Fla. Librarian Presses Search for Friend
Tuesday, May 2, 2006; 4:13 AM
MIAMI SPRINGS, Fla. -- For 20 years, Theodore Karantsalis has been haunted by one question: What happened to the body of his friend Paul Lorence after his Air Force jet crashed off the coast of Libya?
Karantsalis, a Miami-Dade County librarian, rewords the question about once a year, then fires off another Freedom of Information Act request to the Pentagon. Lorence's family in California has been asking the same question since learning the 31-year-old Air Force captain's plane went down during an April 15, 1986, U.S. strike on two Libyan cities.
The answer from military officials was almost always "we don't know." But buoyed by a report they recently obtained detailing a 2004 fact-finding trip military investigators took to the North African nation, the family and Karantsalis are hopeful about learning the location of Lorence's body.
"We have to find him, or we fail," Karantsalis said.
Lorence was a weapons system operator with the 48th Tactical Fighter Wing based in England when President Reagan ordered a bombing raid that targeted a frogman school, a Tripoli airfield and the compound that contained the military staff headquarters and family home of Col. Moammar Gadhafi, Libya's leader. It was in retaliation for Libya's alleged involvement nine days earlier in the bombing of a West Berlin nightclub that killed two U.S. soldiers.

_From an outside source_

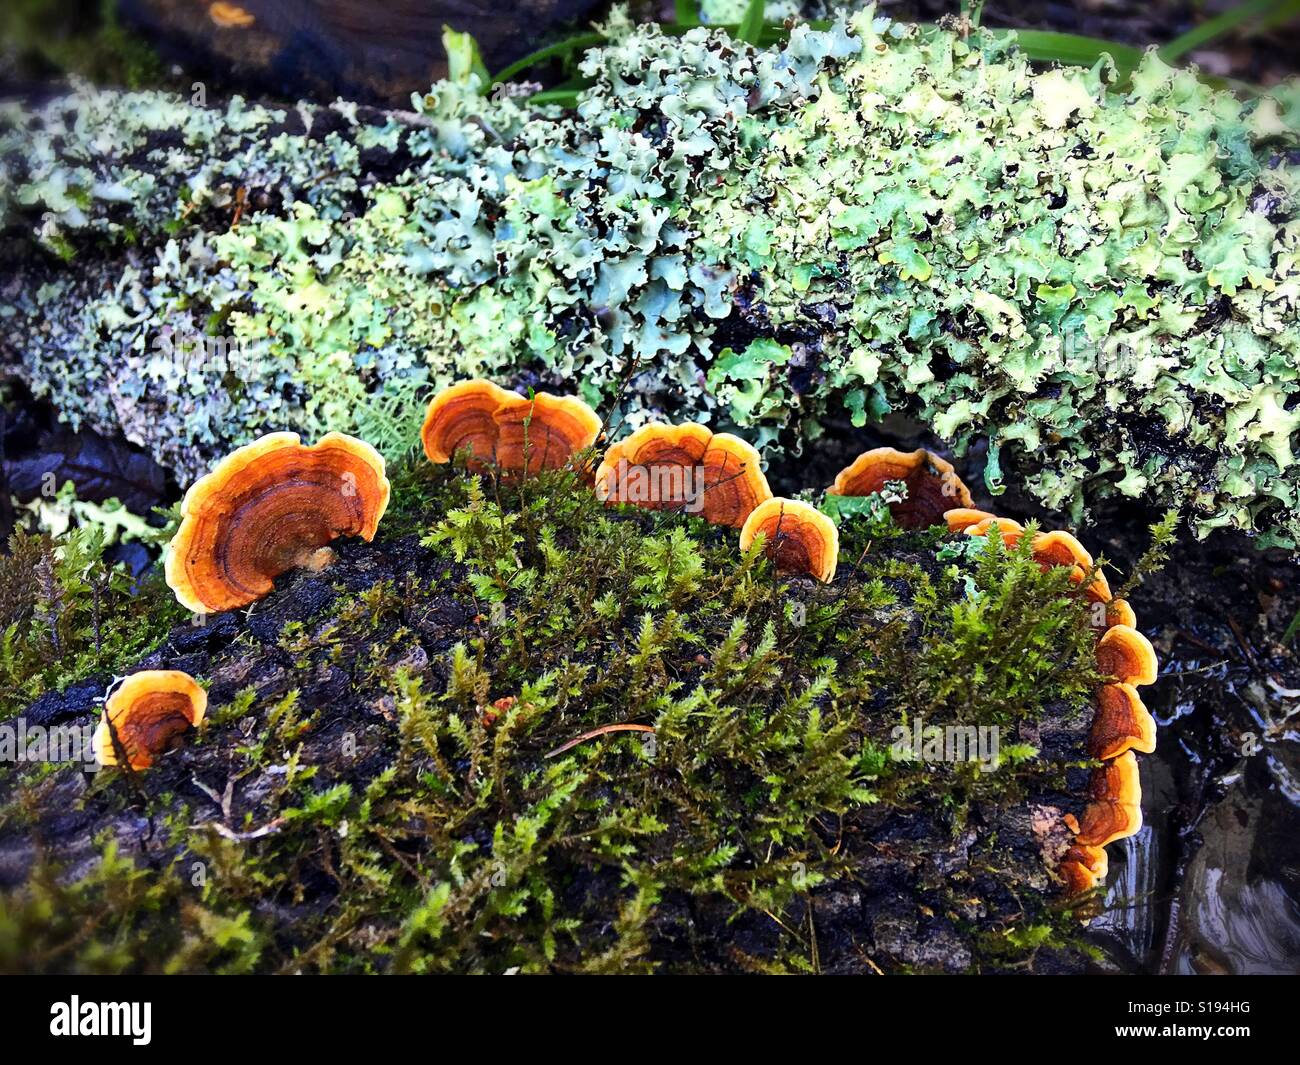 Moss and fungus growing on fallen trees in a forest in Northern California. Stock Photo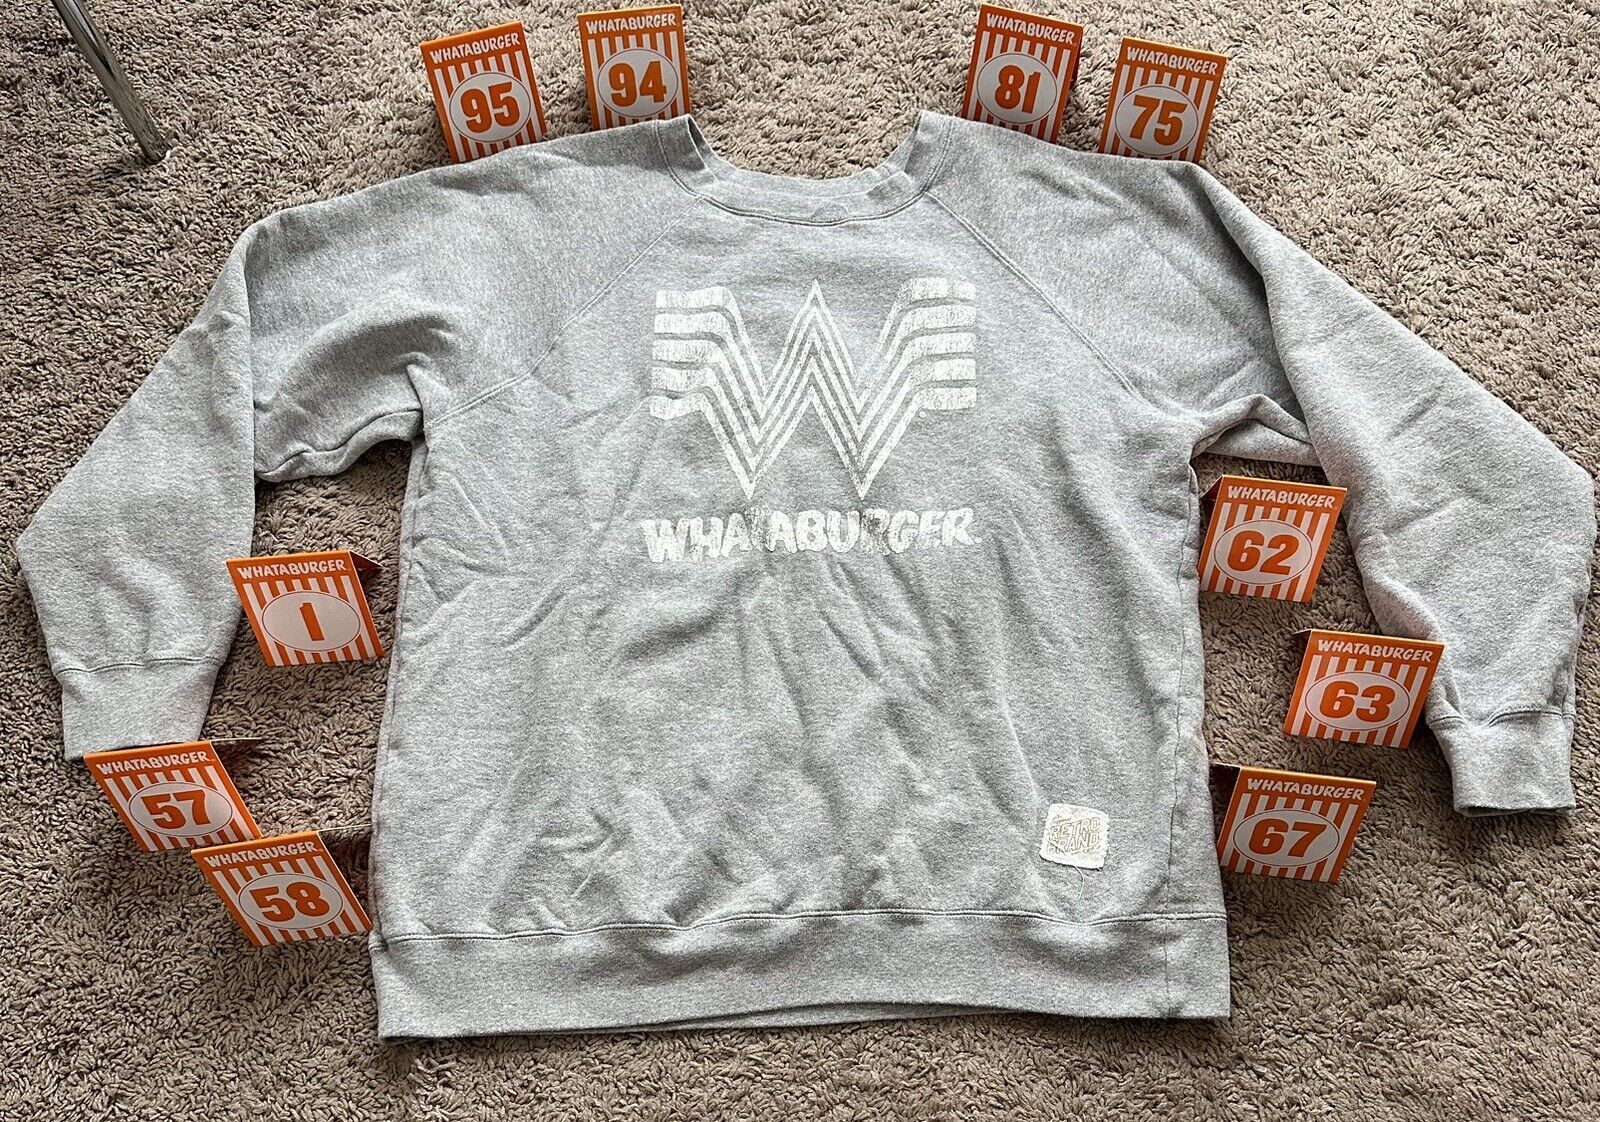 Whataburger Table Tents and Retro Brand Crewneck Size Large

Lorence's F-111F, flown by Maj. Fernando Ribas-Dominicci, went down less than 10 miles from the Libyan coast. A search by the U.S. Navy failed to find any wreckage or either airman's body. Three years later, Libya returned Ribas-Dominicci's body, which they said had washed ashore. An autopsy determined that he had drowned.
Lorence's family recently made a personal appeal to the Libyan government for information, said the airman's younger stepbrother, Jeff Kruger, a private investigator and retired police detective in Antioch, Calif.
"We're asking for a humanitarian gesture from the Libyan government to ease our pain and suffering and answer as many questions about what happened to our family member," said Kruger, who has been making independent inquiries.
Lorence is considered killed in action-body not recovered, according to the Defense Department's Prisoner of War/Missing Personnel Affairs Office.
"I believe Libya does have these remains in their possession, and I feel it's time to confront our government and seek our government's assistance to get them back," Karantsalis said in his suburban Miami home.
Karantsalis and Lorence met as altar boys in the early 1970s in the San Francisco Bay area. Lorence became the younger boy's baby sitter and chauffeur to football games.
"Paul was a few years older. What that meant was Paul was able to drive a car. My father had extra tickets to Oakland Raiders games, and all I needed was somebody to take me," Karantsalis said. He last saw Lorence in a math class they shared at San Francisco State University in 1980.